■ **ASSIGNMENT**:
Word for word, restate the lines from the one containing "Reyn Spooner Pinstripe" through the last line of the material, and include no pictures.

■ **DATASET CONTENT**:
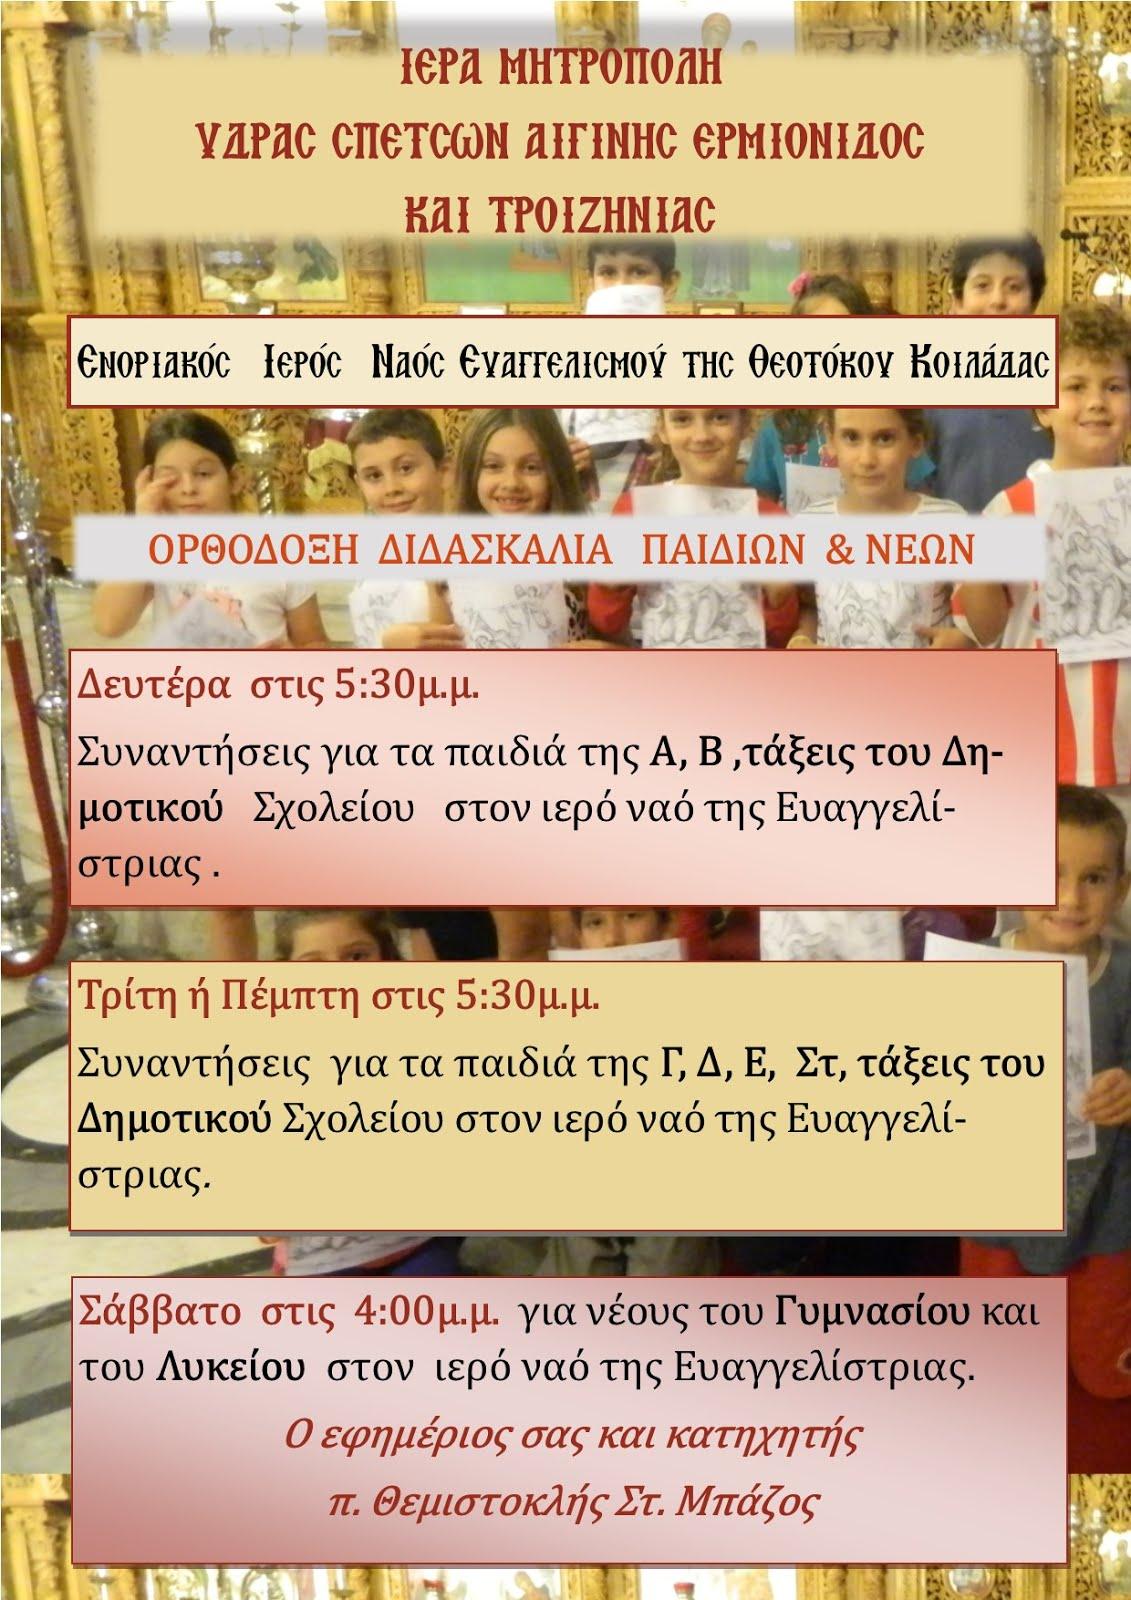 Πρόγραμμα μαθημάτων 2016-2017 Ορθόδοξης Χριστιανικής Διδασκαλίας για παιδιά και νέους
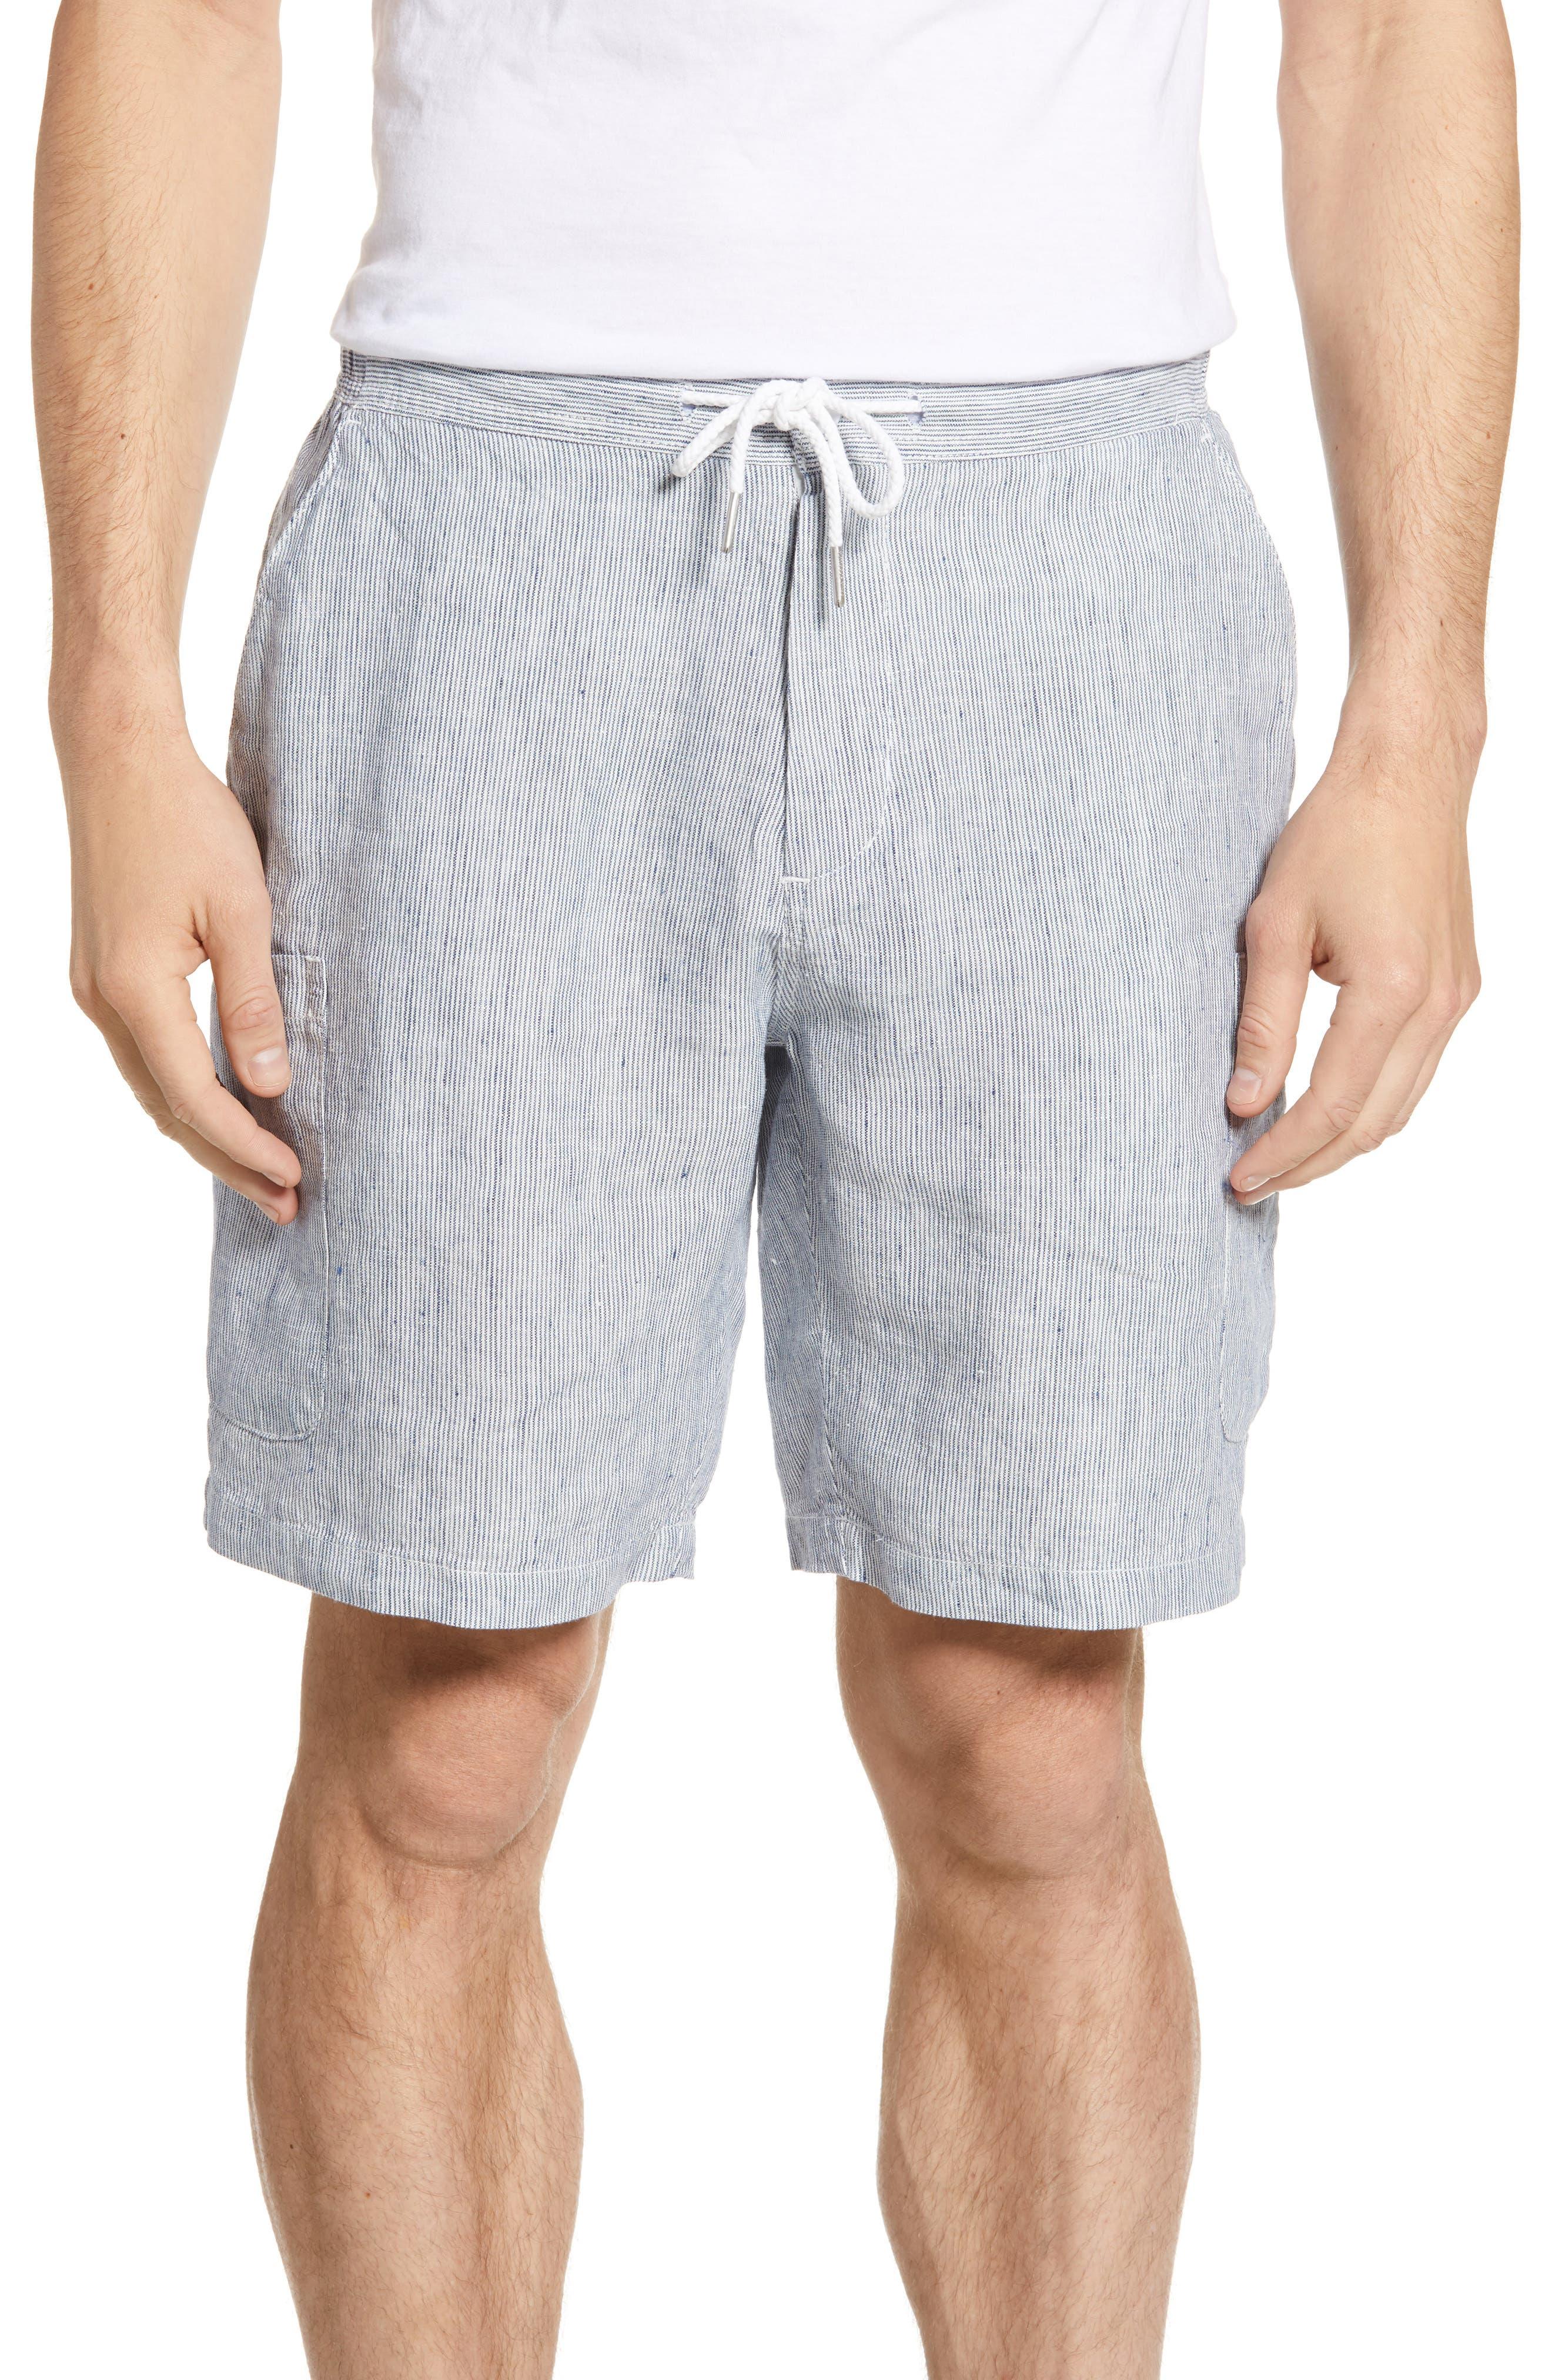 Reyn Spooner Pinstripe Linen Cargo Shorts, White
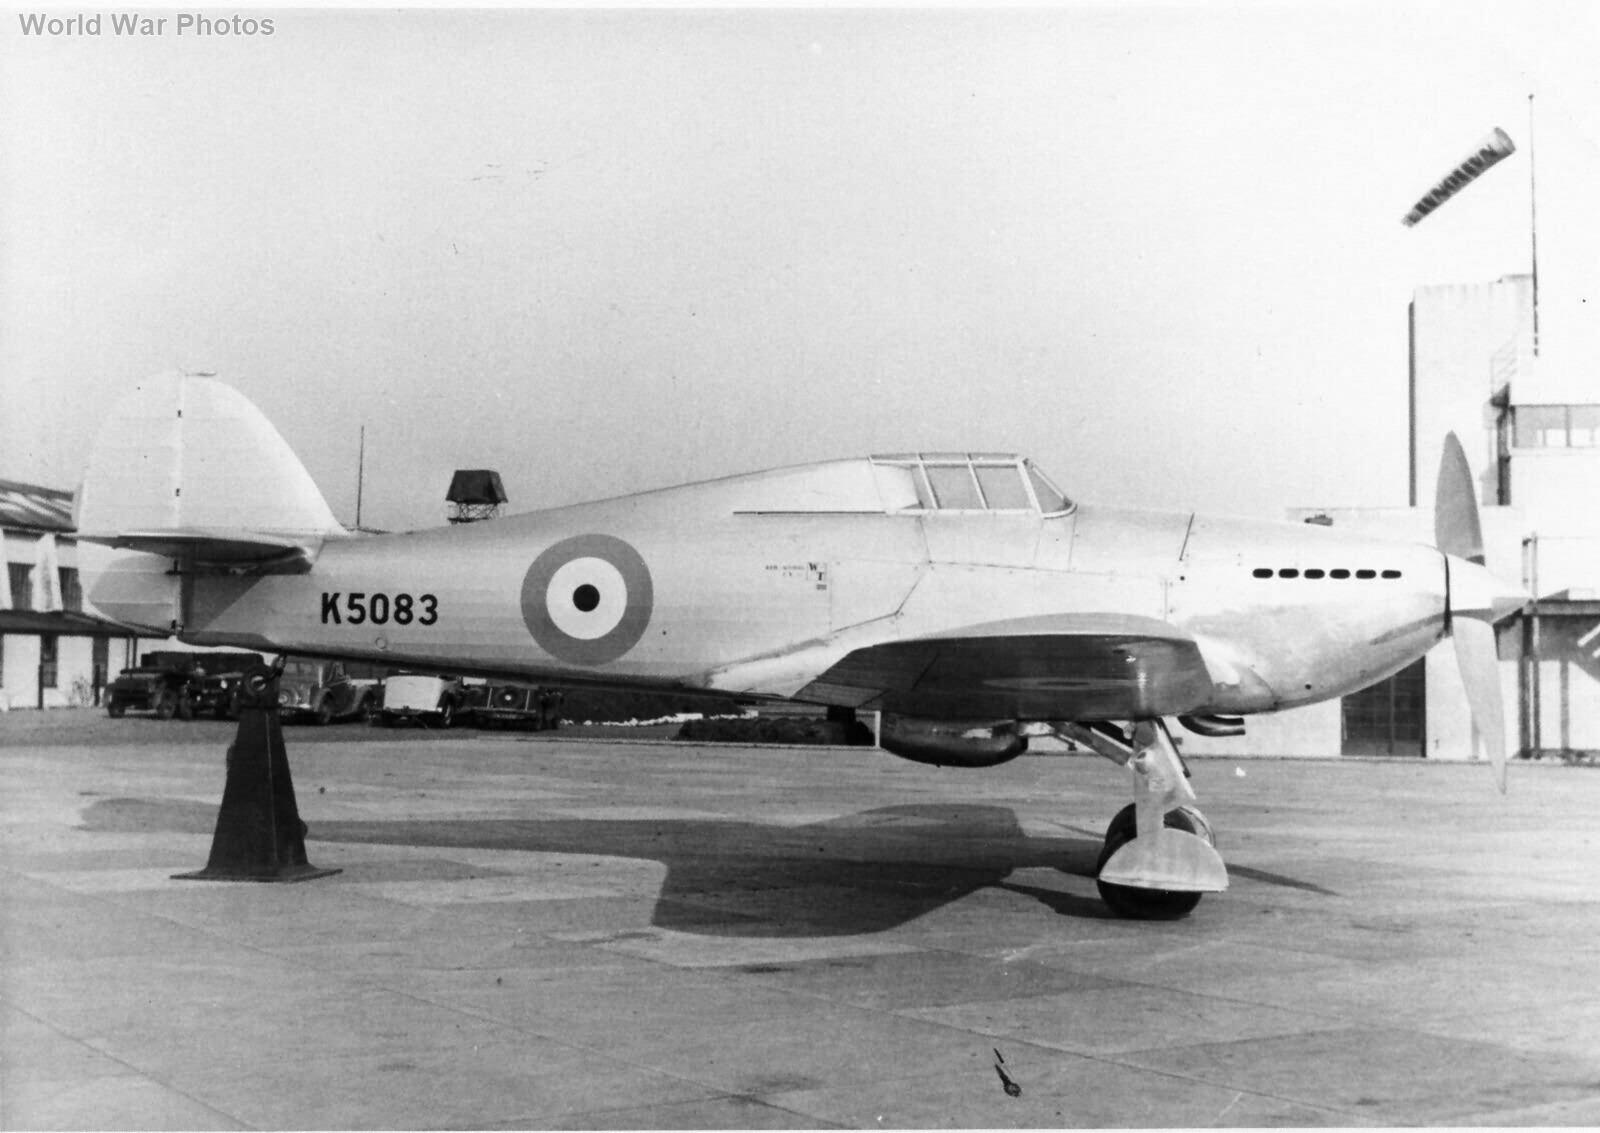 Prototype Hurricane K5083

■ **TASK RESULT**:
 Reyn Spooner Pinstripe Linen Cargo Shorts, White
 Prototype Hurricane K5083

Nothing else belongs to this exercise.